Pencapaian Veda Ega Pratama di Catalunya GP tidak hanya memberikan kepuasan pribadi, tetapi juga berdampak signifikan pada posisinya di klasemen sementara Moto3 2026. Dengan tambahan 8 poin dari balapan ini, total poin yang dikumpulkan Veda kini mencapai 58 poin. Angka ini menempatkannya dengan kokoh di posisi kelima klasemen sementara. Yang lebih membanggakan lagi, Veda Ega Pratama masih memegang predikat sebagai rookie dengan perolehan poin terbanyak di klasemen sementara Moto3 2026. Ini adalah pencapaian luar biasa bagi seorang pembalap yang baru pertama kali berkompetisi di level ini. Performa konsistennya, ditambah dengan keberanian untuk bertarung dari posisi belakang, menunjukkan bahwa Veda memiliki potensi besar untuk menjadi salah satu bintang di masa depan balap motor dunia.

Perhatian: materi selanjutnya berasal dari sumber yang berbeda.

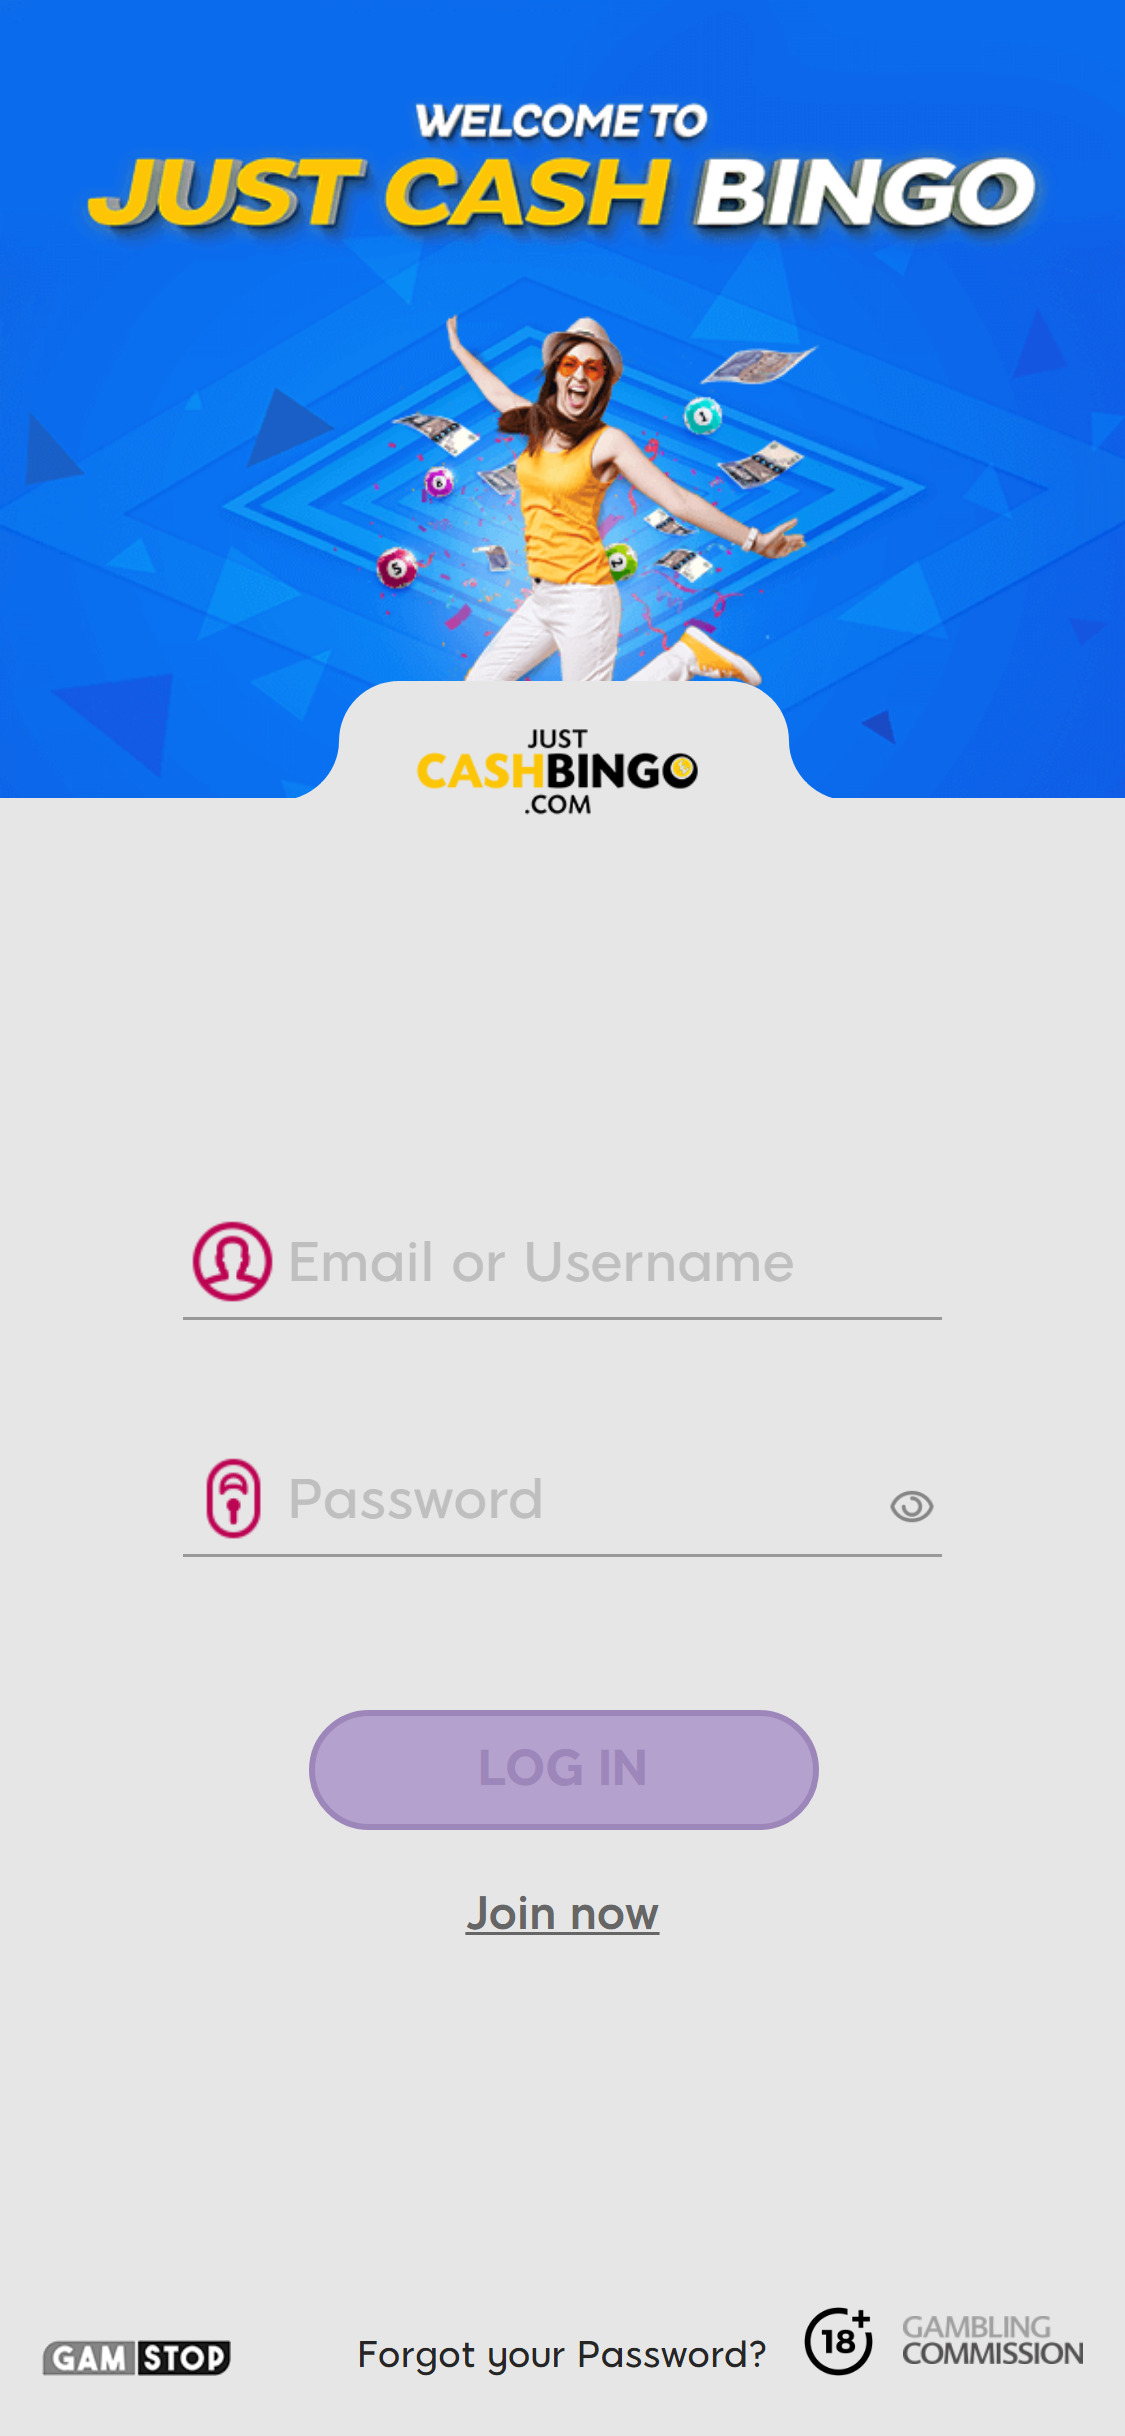 Just Cash Bingo Casino Mobile Login Review

Klasemen Moto3 2026 usai Seri Catalunya menunjukkan persaingan yang ketat di papan atas. Veda Ega Pratama, dengan 58 poin, berada di belakang beberapa pembalap yang lebih berpengalaman. Namun, posisinya di urutan kelima, dan statusnya sebagai rookie dengan poin terbanyak, memberikan sinyal kuat bahwa ia adalah ancaman serius bagi para pembalap di depannya. Jarak poin yang ada masih sangat mungkin untuk dikejar, terutama jika Veda mampu mempertahankan performa gemilangnya di seri-seri berikutnya. Perjuangan Veda dari posisi ke-20 hingga finis kedelapan di Catalunya GP adalah sebuah inspirasi. Ia menunjukkan bahwa dengan kerja keras, mentalitas yang kuat, dan dukungan tim yang solid, segala rintangan dapat diatasi. Para penggemar balap motor kini menantikan penampilan Veda selanjutnya di Sirkuit Mugello, berharap ia dapat kembali mencatatkan prestasi membanggakan dan terus meramaikan persaingan di Moto3 2026. Perjalanan Veda Ega Pratama masih panjang, namun jejak yang ia tinggalkan di Catalunya GP telah membuktikan bahwa ia adalah talenta yang patut diperhitungkan di kancah internasional.